Authorities Question CIA Contractors in Connection with WikiLeaks Dump - r721
https://www.wsj.com/articles/authorities-questioning-cia-contractors-in-connection-with-wikileaks-dump-1489283964
======
r721
Important part:

"Investigators probing who may have provided WikiLeaks with classified
information about the Central Intelligence Agency’s purported computer-hacking
techniques are zeroing in on a small number of contractors who have worked for
the agency and may have been disgruntled over recent job losses, according to
people familiar with the investigation.

Authorities on Thursday questioned a handful of contractors working in at
least two locations in the Virginia suburbs of Washington, D.C., these people
said. Law-enforcement officials said no arrests had been made, but one person
familiar with the investigation said it was “rapidly unfolding.”

This person added that a digital trail has pointed authorities, at least
initially, to a team of software developers working with the CIA’s Engineering
Development Group. The group designs tools that, according to the documents
released this week by WikiLeaks, the CIA uses to break into smartphones,
personal computers and televisions connected to the internet. The more than
8,000 pages of documents that WikiLeaks disclosed appear to have been taken
last December from a server that the Engineering Development Group uses, this
person said, and that “only a few contractors would have access to.”

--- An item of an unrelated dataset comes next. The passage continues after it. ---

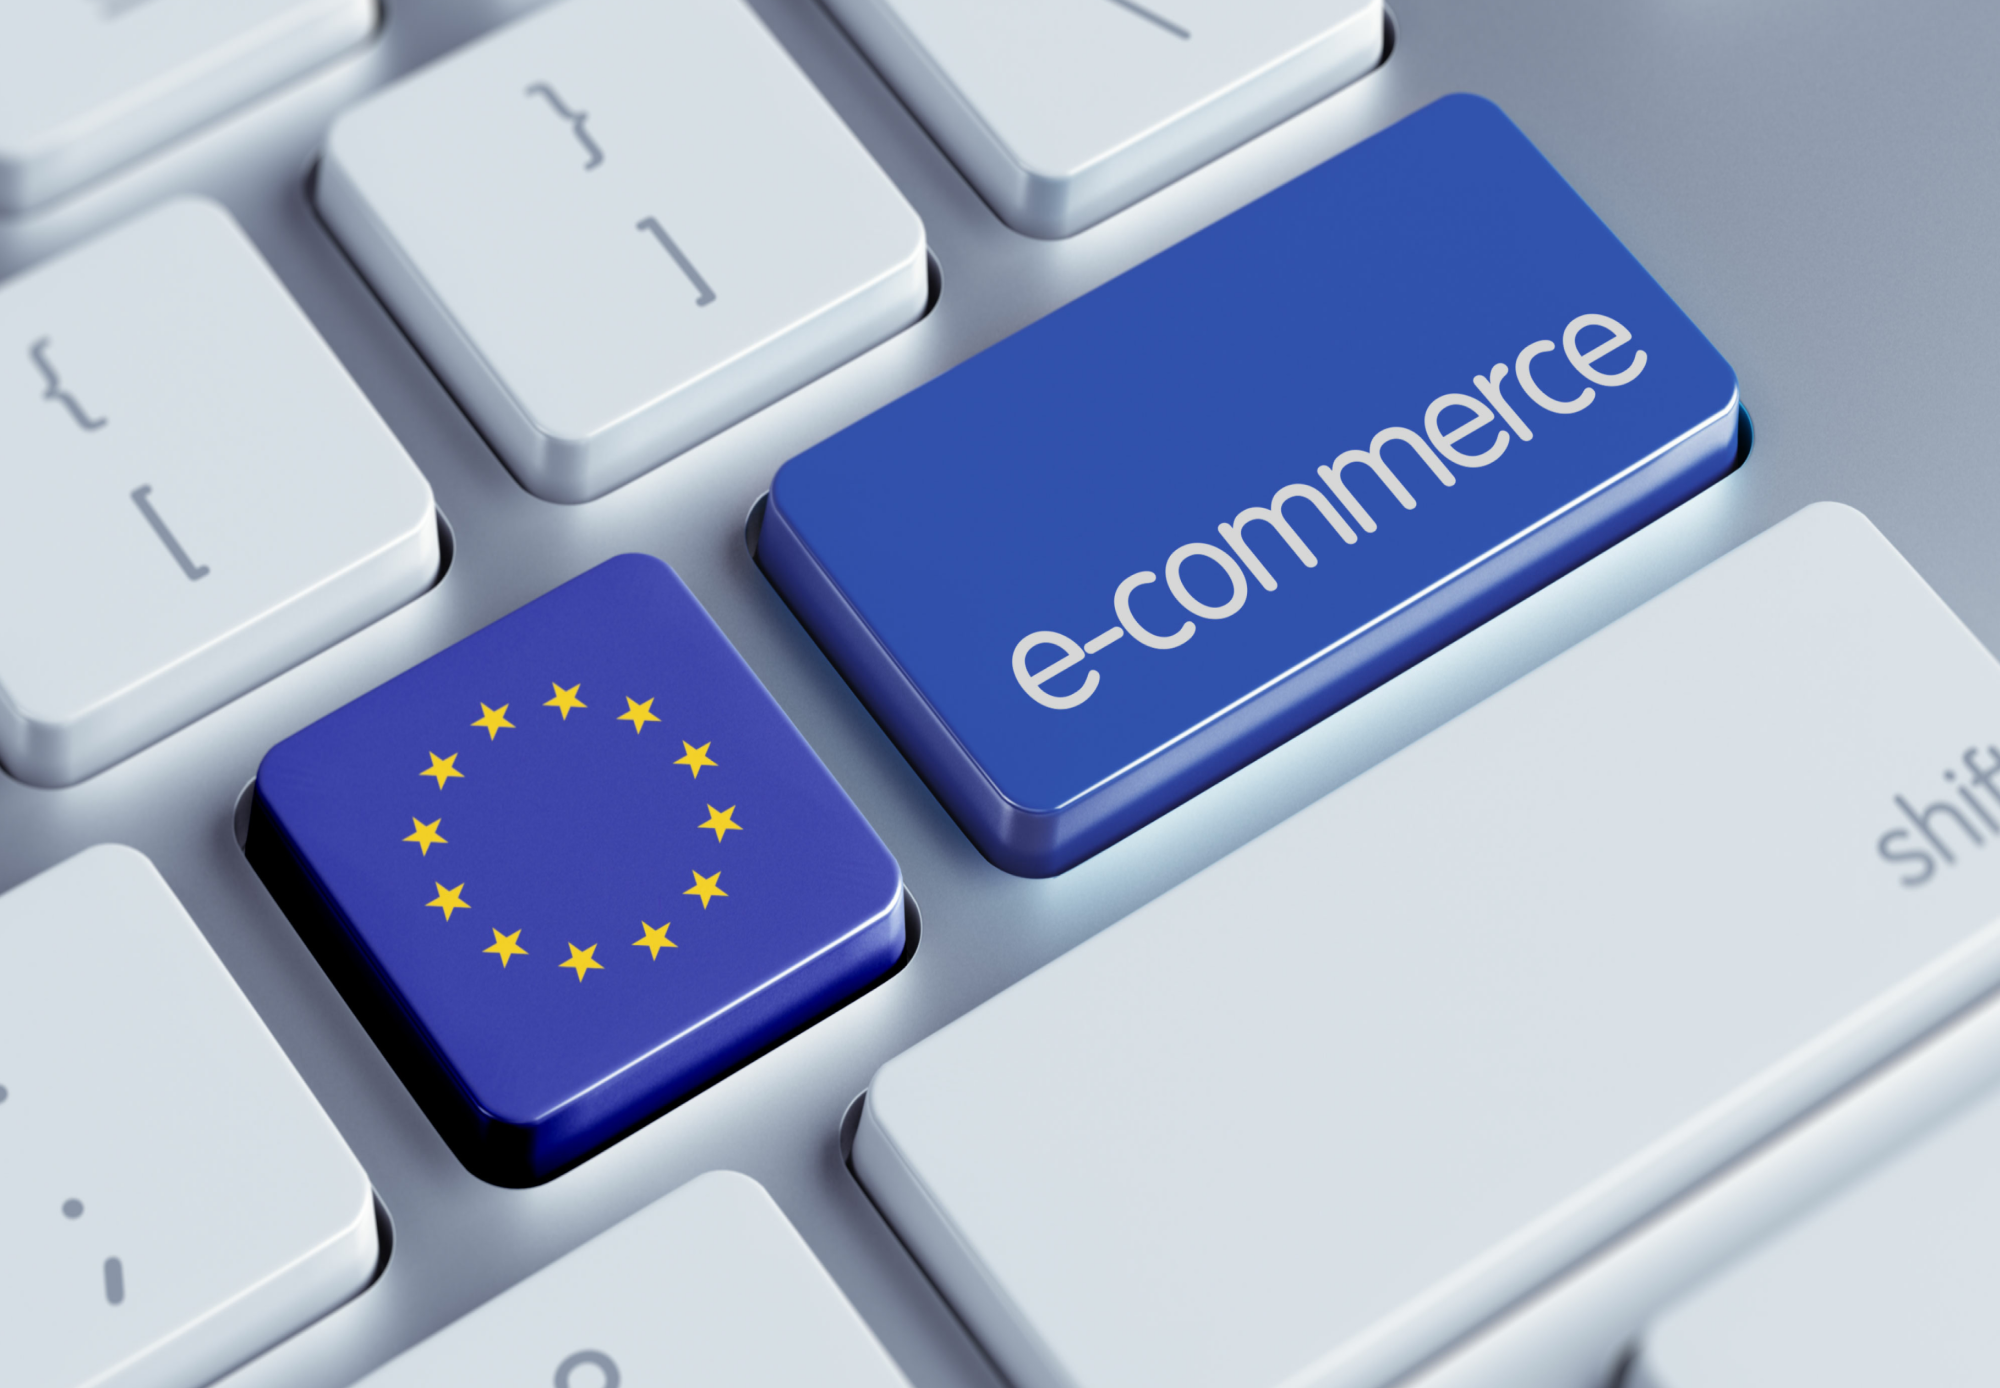 Sustainable, digital, and inclusive: Ecommerce Europe's Manifesto defines the next chapter for European сommerce

More than a dozen companies work for the CIA on hacking projects, the bulk of
them at a facility near Chantilly, Va. It wasn't clear which companies the
people who were questioned worked for. In recent months, there has been talk
of “bad blood” in the small world of CIA contractors who are vital to the
agency’s hacking projects, the people familiar with the probe said. One group
of contractors recently had been working for the CIA overseas and expected to
be given new jobs with the agency in the U.S., but their positions were later
eliminated, one person said.

“There were definitely disgruntled people internally,” this person said,
adding that he believes these individuals may have been among those questioned
by investigators."

Click from tweet worked for me (no paywall):

[https://twitter.com/shaneharris/status/840794112907497472](https://twitter.com/shaneharris/status/840794112907497472)